By nature of their close proximity to a company’s data and high profile assets, insider threats exploit their access to company’s systems, as the magnitude of harm they are capable of is much more severe than other threat types and at times harder to detect.
Crown Jewels
Crown Jewels are of more relevance to the CEO than to most of his colleagues. An inherently valuable business asset, crown jewels are the springboard of a company’s most key virtues: they drive its cash flows; they determine its competitive advantage in the market, as well as the worth of their shareholder value.
Cyber criminals are not only making mind-blowing strides in their sophistication and tactics, they are as aware as their adversaries of how fruitful access to a company’s crown jewels would be.
Despite often having expensive and mainstream cybersecurity softwares in place, a company can still stand deeply vulnerable of losing dominance over their crown jewels.
The traditional information security model cannot protect companies, and certainly not the CEO alone, from today’s prospering cyber criminals.
These models are compliance-based, perimeter-oriented and reactive, blatantly lacking the proactive, detective and expansive tools that can adequately deter today’s hackers.
The distinct value of the crown jewels’ security can only be matched by the distinct attention of a company’s CEO, wherein he collaborates with all individuals involved with their company’s digital value chain.

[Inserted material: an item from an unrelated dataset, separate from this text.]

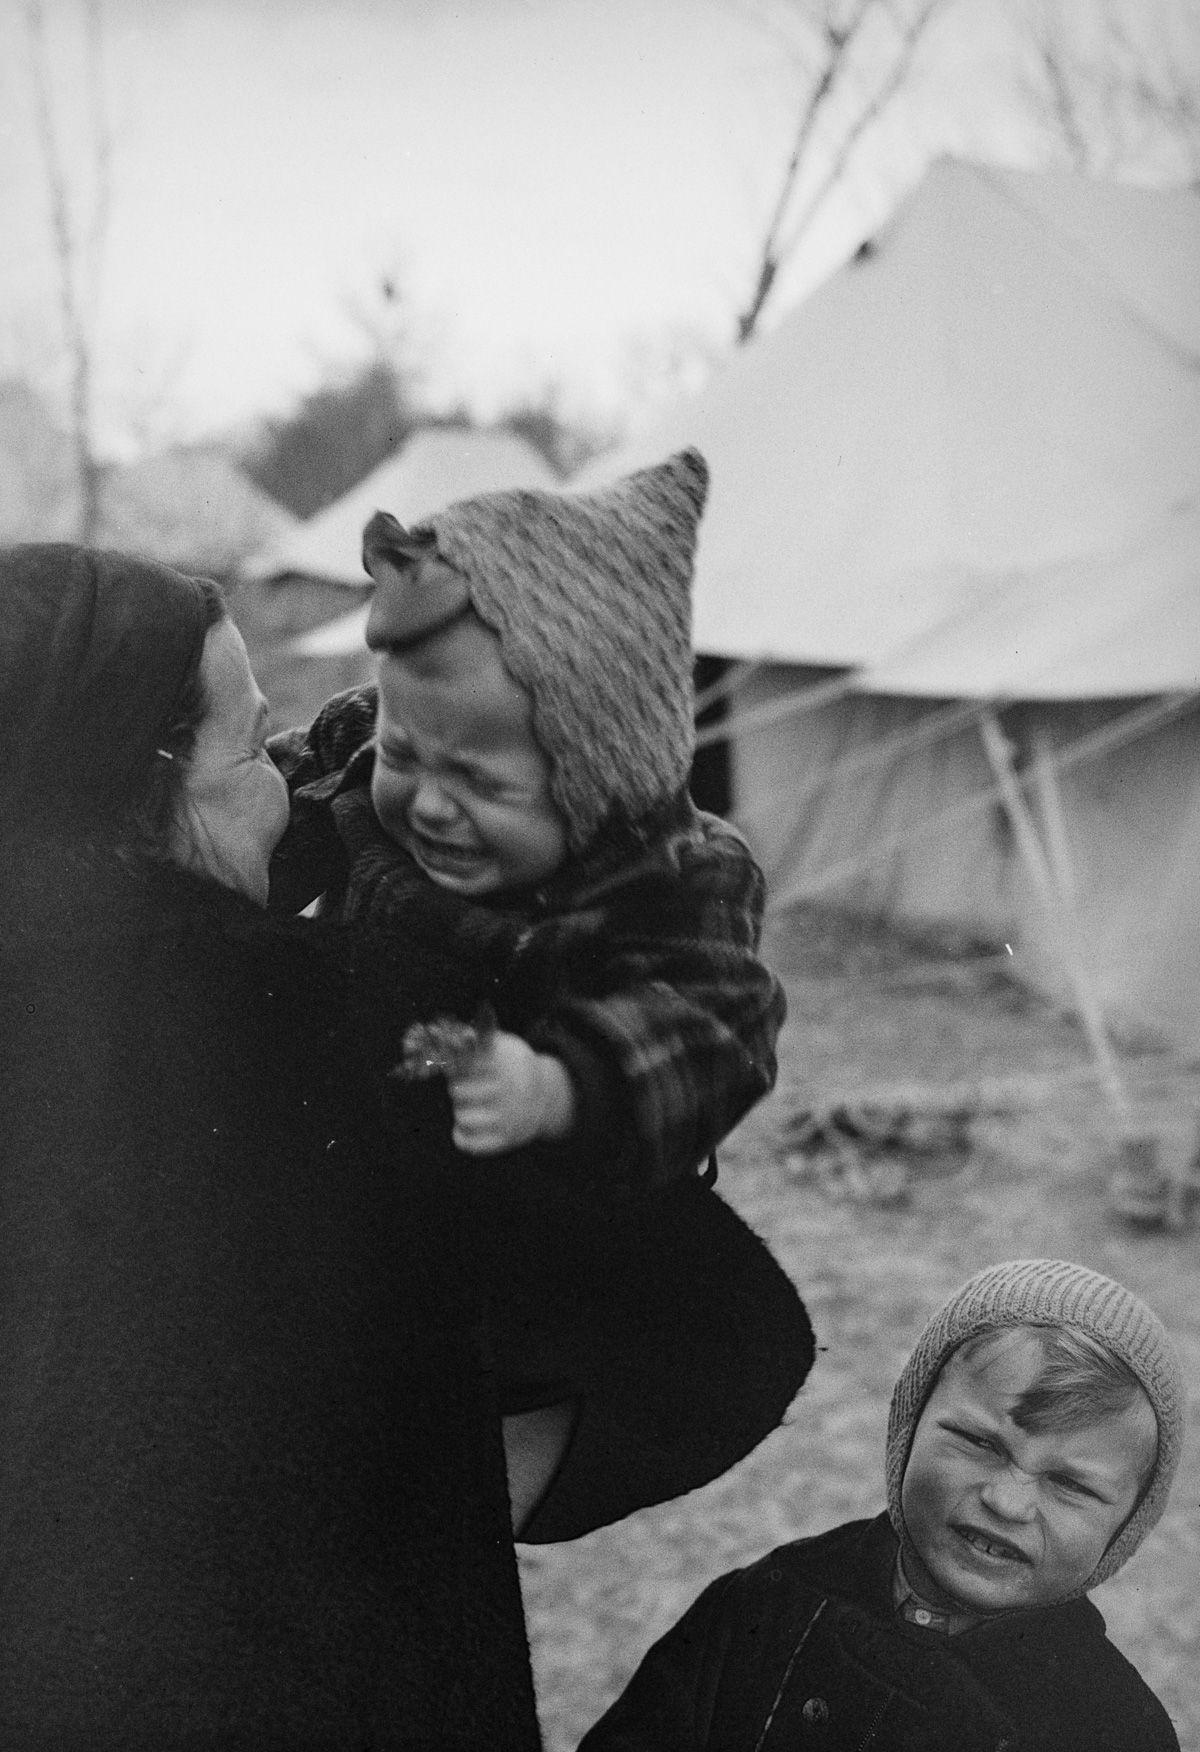 Na Segunda Guerra Mundial, refugiados poloneses encontraram seguran�a no Ir� 14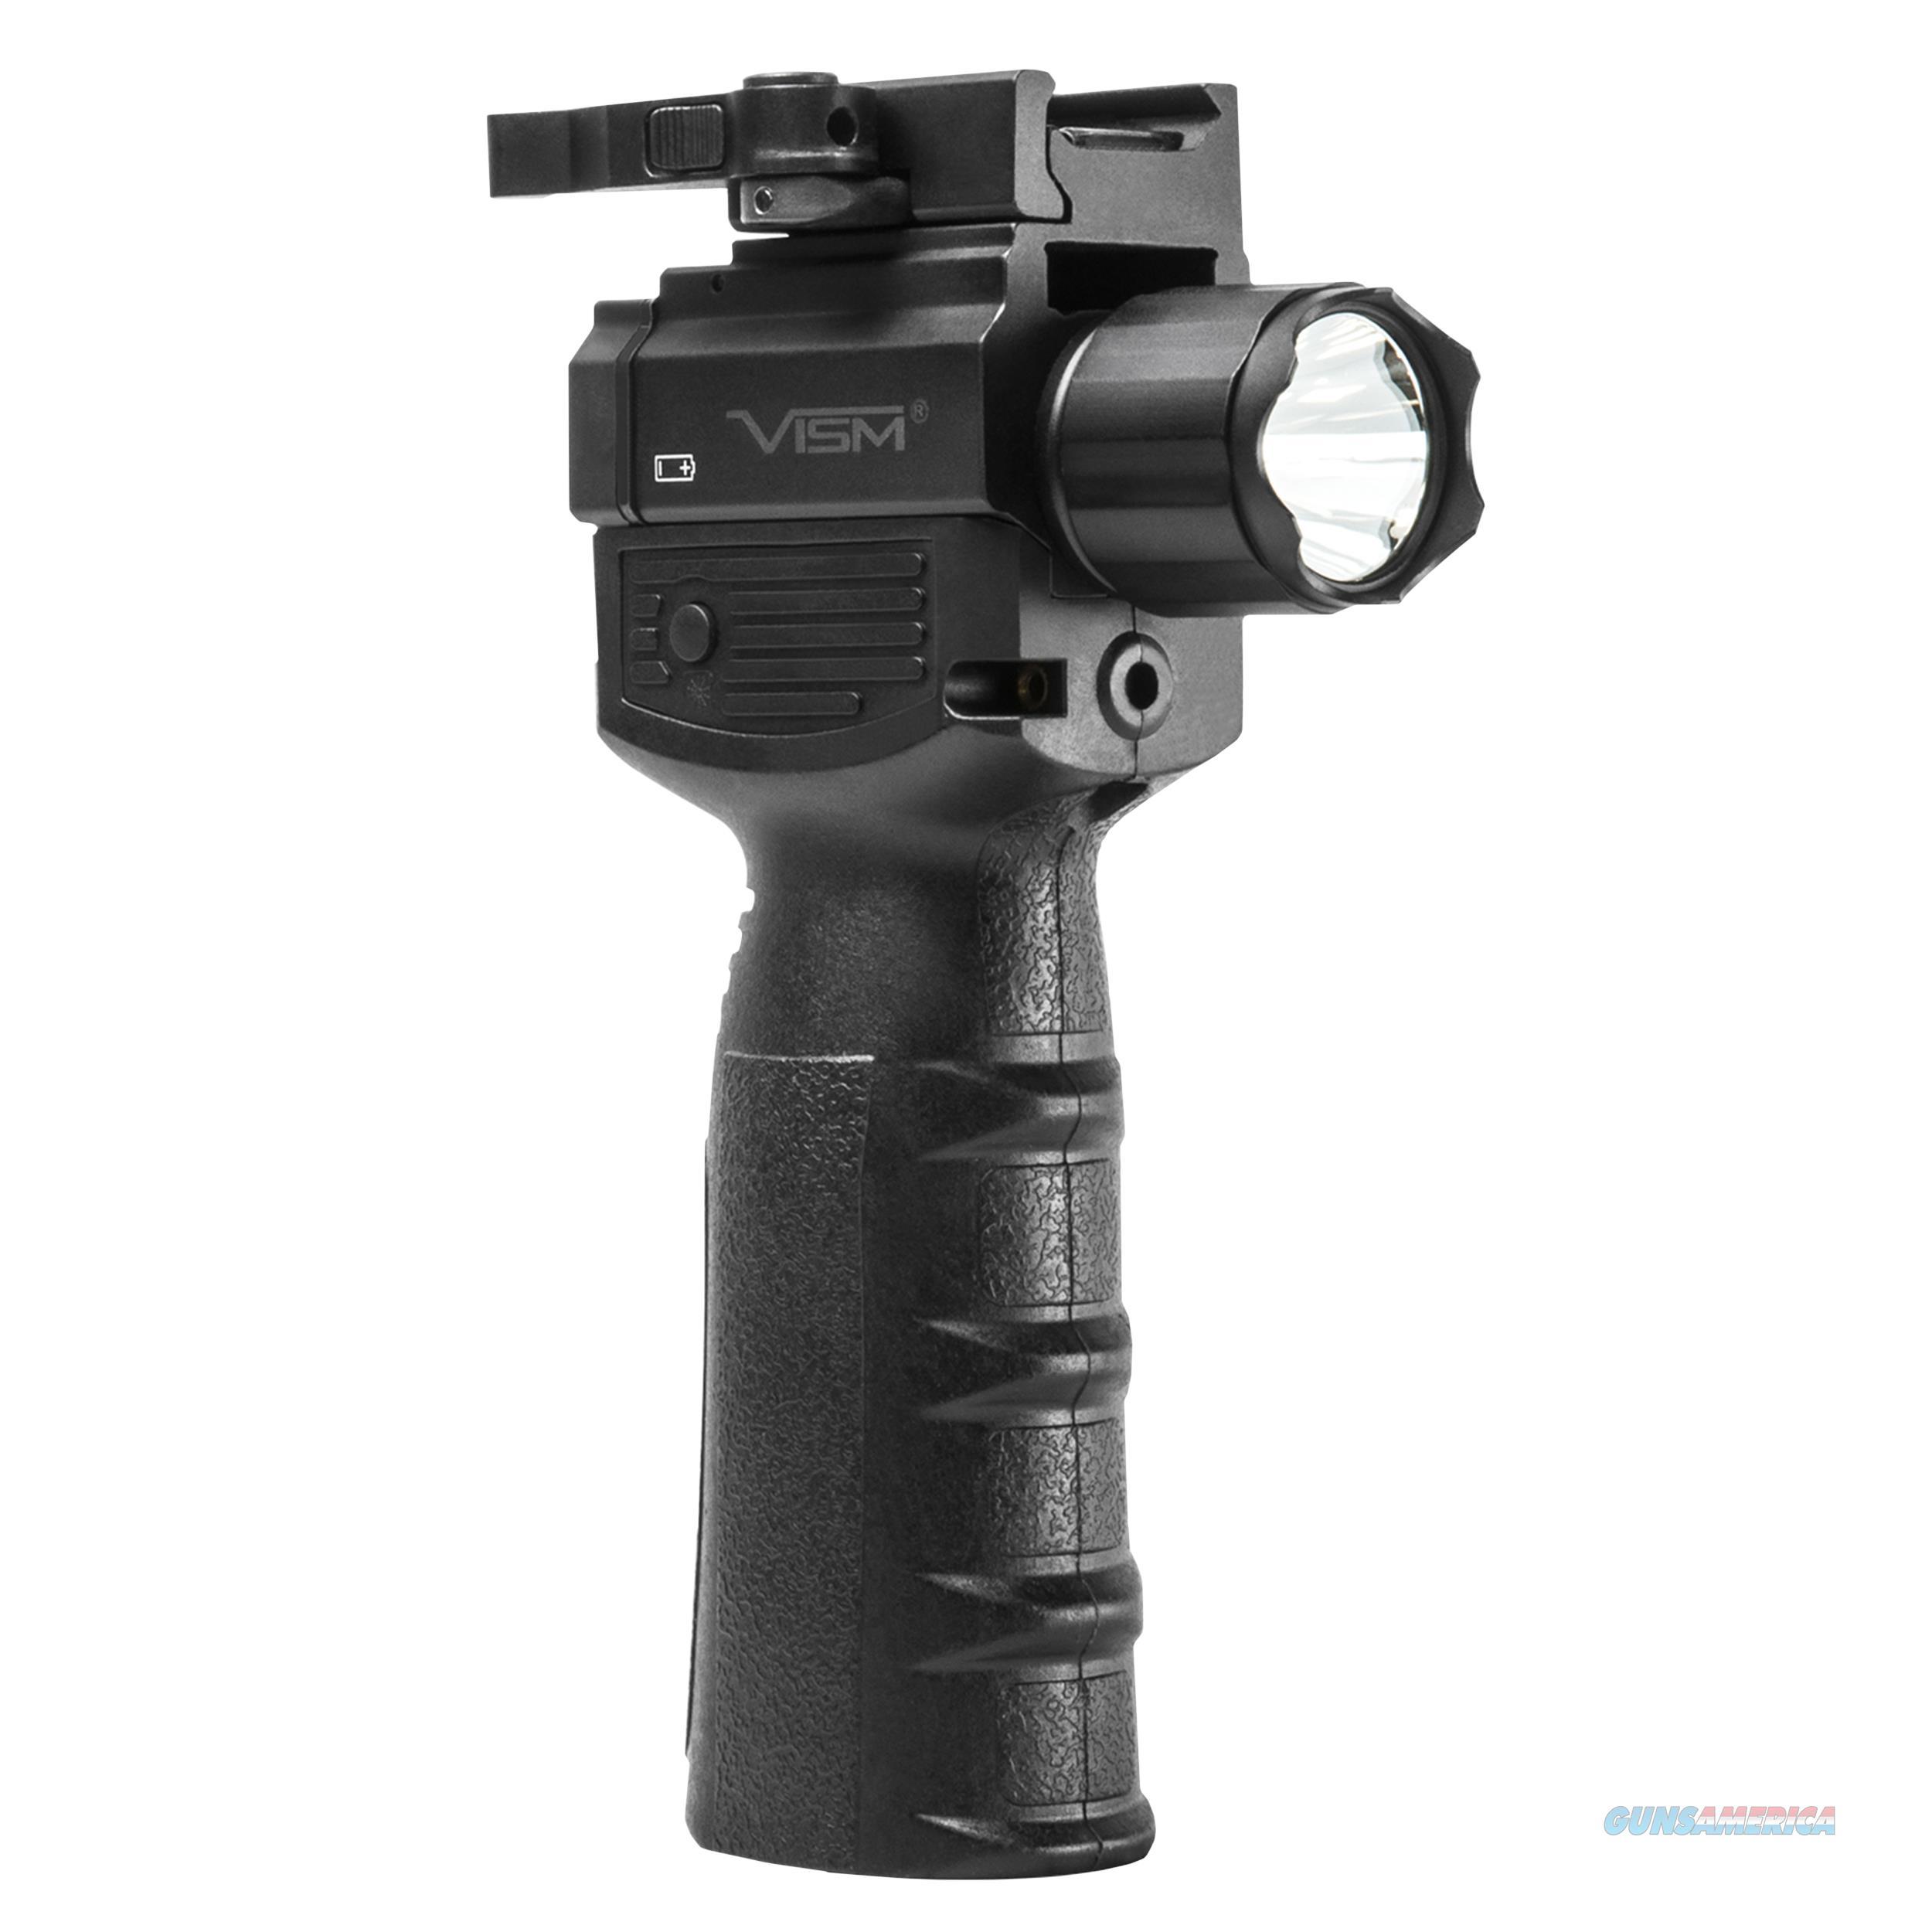 Ncstar Vert Grip Light/ Red Laser VAQVGFLRV2  Non-Guns > Gun Parts > Misc > Rifles

All information, resources and digital interactions within and surrounding the company must be accounted for in order for the crown jewels’ to be definitively secure.
At this month’s RSA in San Francisco, Brett Hansen (Executive Director of Dell Security’s Data Security Solutions), shared an insight from the Dell Data Security Report:
“82% of IT and business decision makers have tried to limit employee access to data across their locations”
One example for proactive collaboration in a company that aligns the business with its cyber risks and makes cyber a organization wide concern is our ‘Directive 361 for Financial Institutions’:
Compiled by CyberInt for the Israeli Banking Supervisor, this is the first directive of its kind, focusing specifically on the cyber threats targeting the financial industry. It provides a structured yet flexible framework for cyber risk management, while providing banks with the flexibility to implement .and fine-tune their own procedures
This enables banks to dynamically update their defenses based on the changing cyber threat landscape.
The CEO’s responsibility for his company’s cybersecurity strategy is only one must-have for the C-Suite Executives who take action towards cybersecurity.